WHAT TO WORK ON. Copy the lines below, please, starting with the one that contains "Kinderzimmer Einrichten: Neue" and ending with the last. Pictures stay out.

DATA SHOWN.
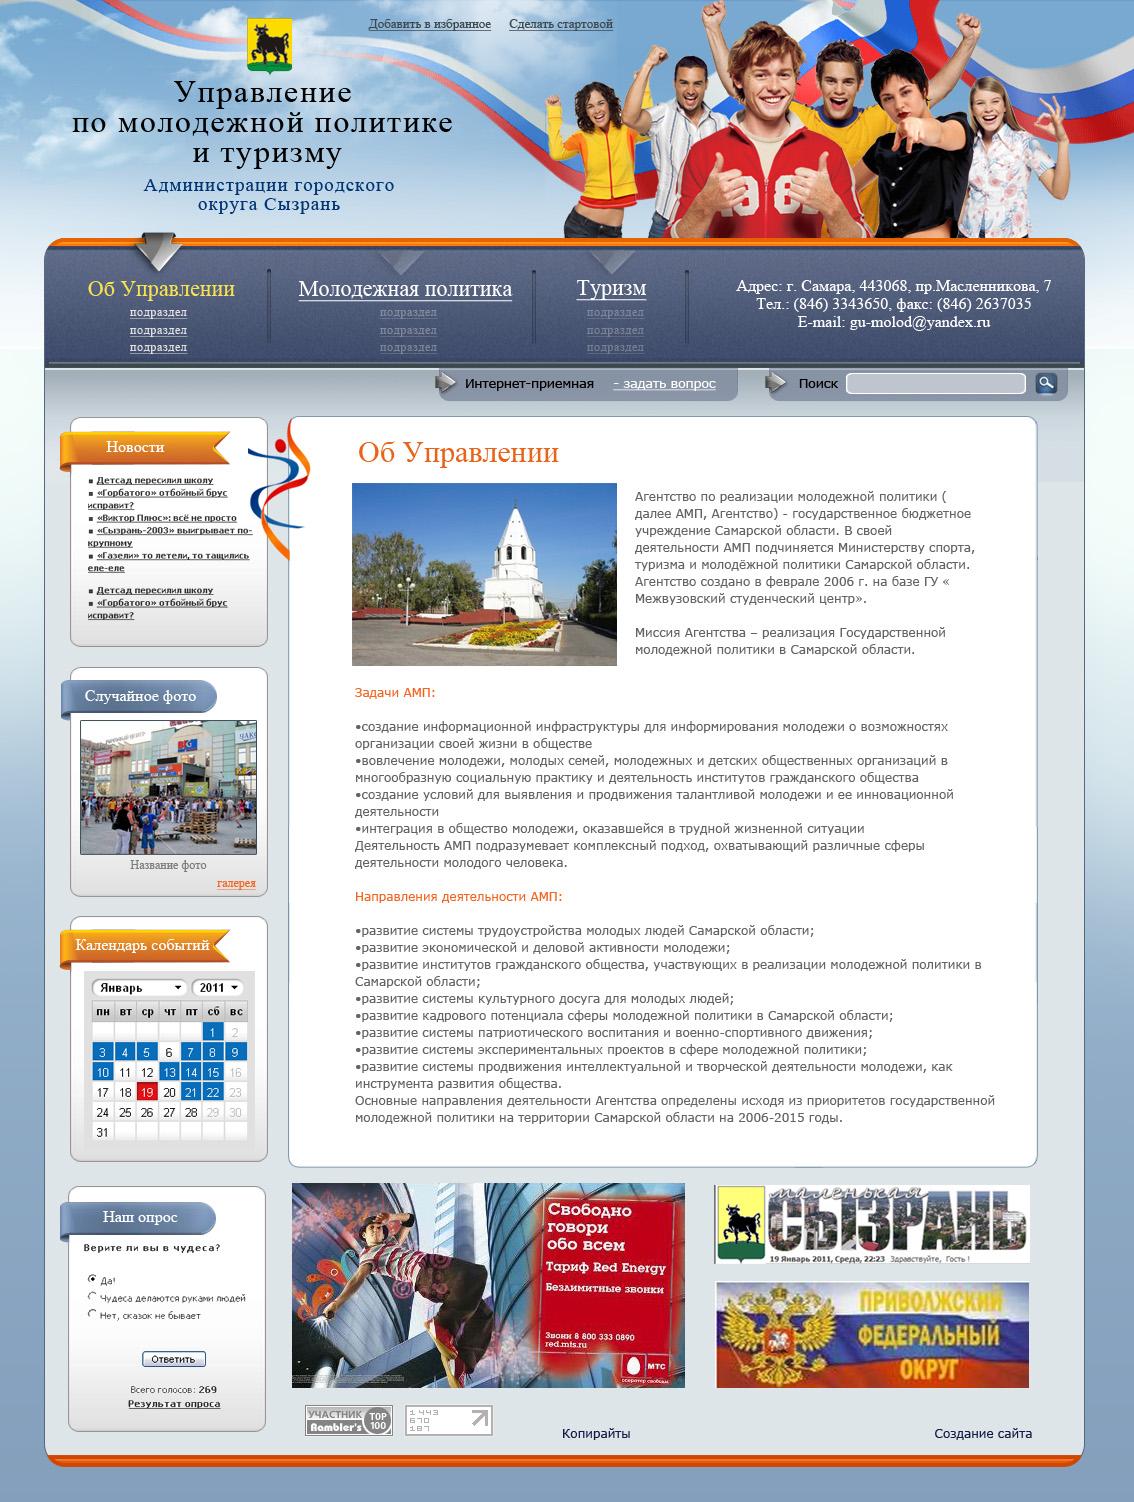 Дизайн сайта Управления молодежной политики
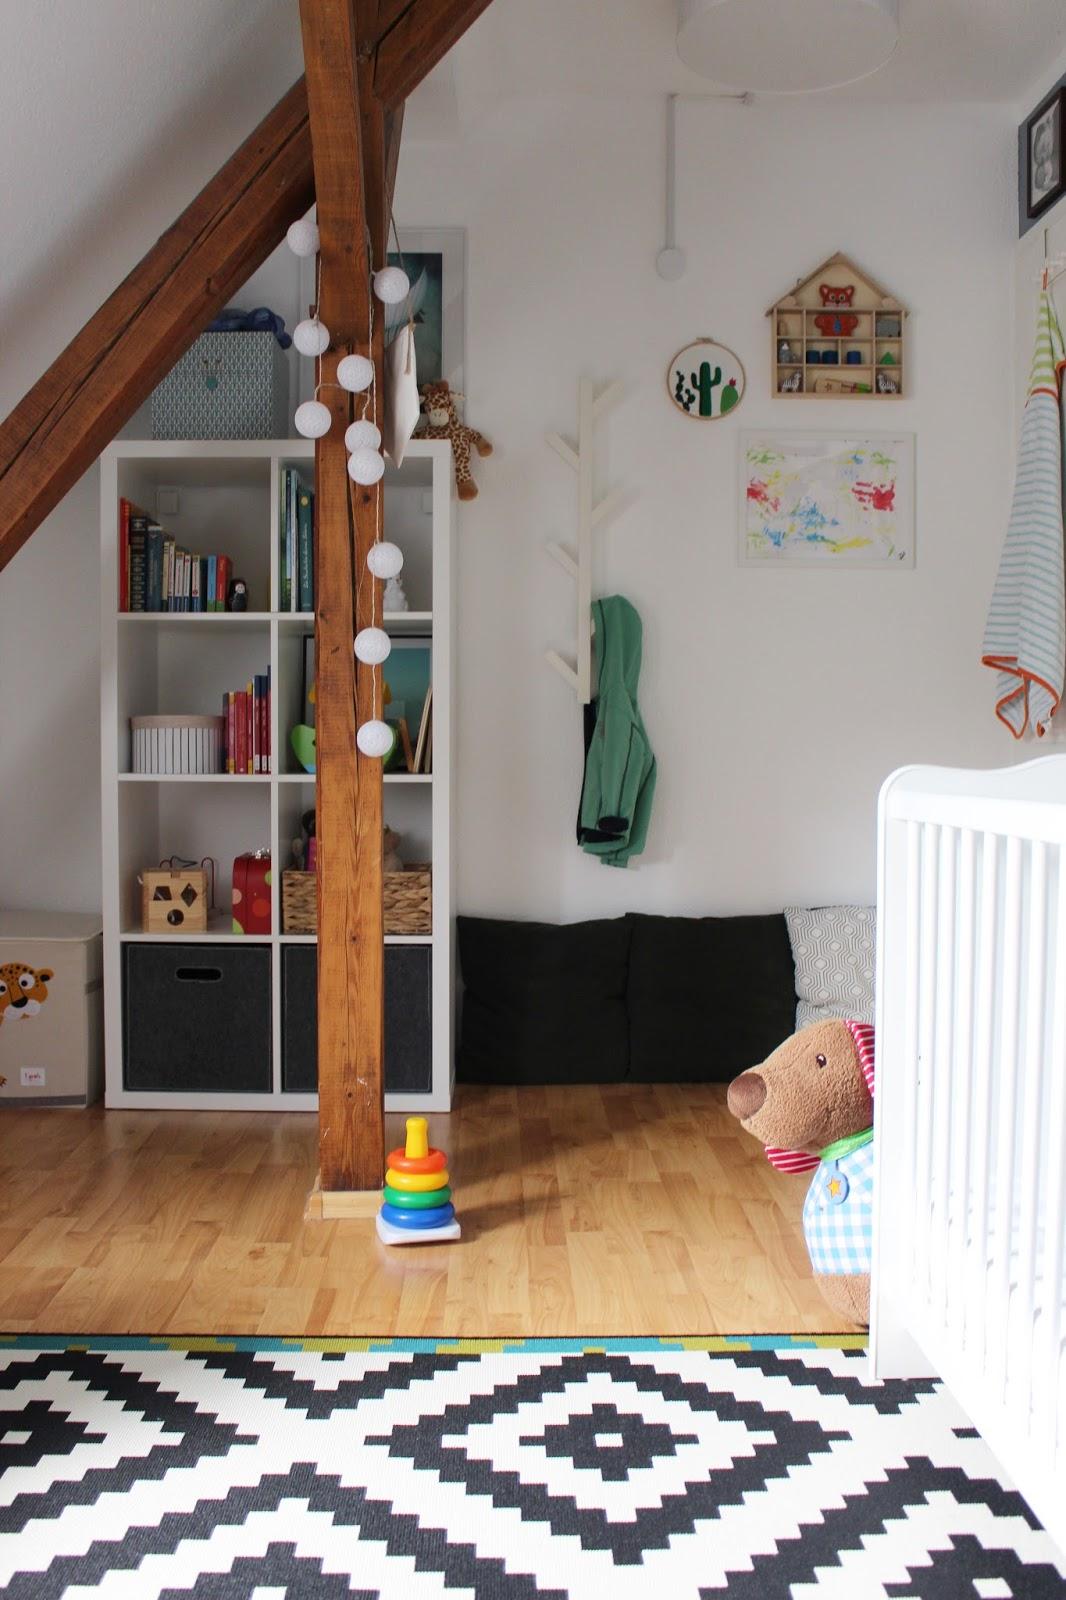 Kinderzimmer Einrichten: Neue (selbstgemachte) Deko In Bunten Farben
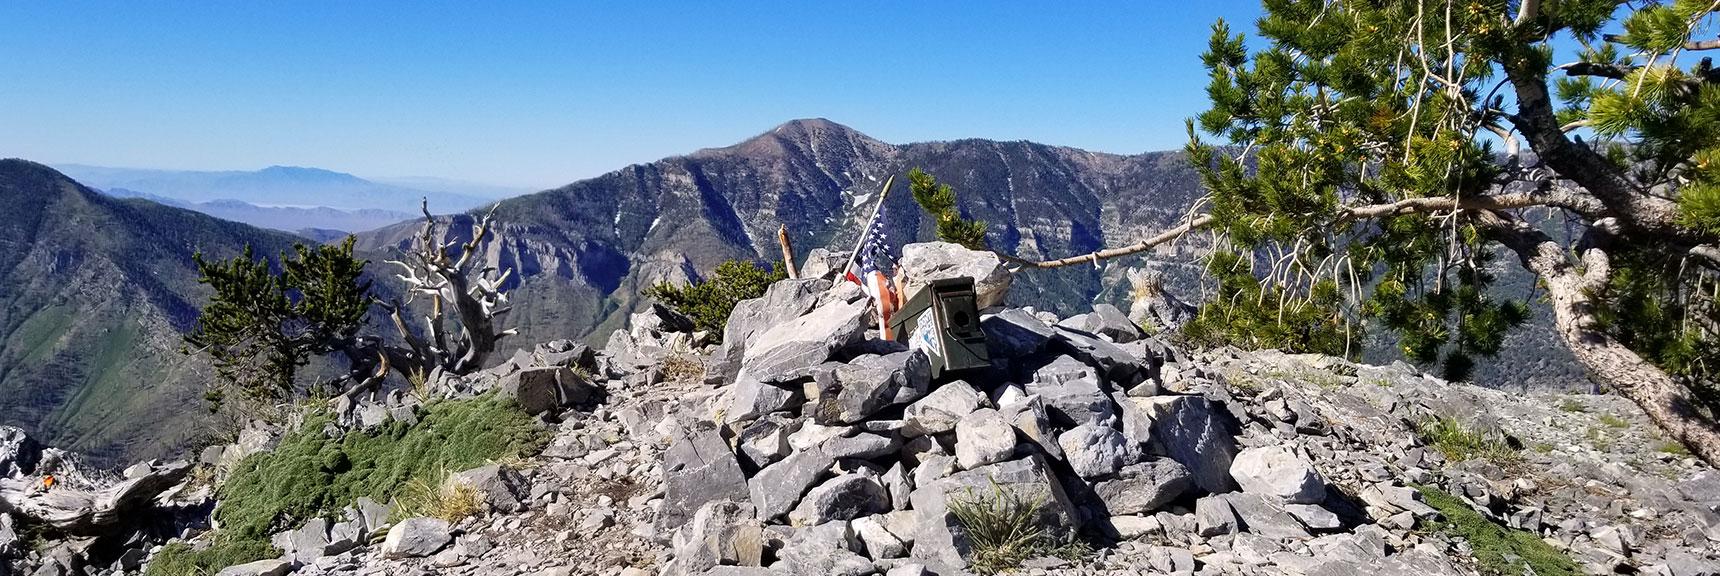 Fletcher Peak Summit, Griffith Peak in Background

EXERCISE RESULT.
 Kinderzimmer Einrichten: Neue (selbstgemachte) Deko In Bunten Farben
 Fletcher Peak Summit, Griffith Peak in Background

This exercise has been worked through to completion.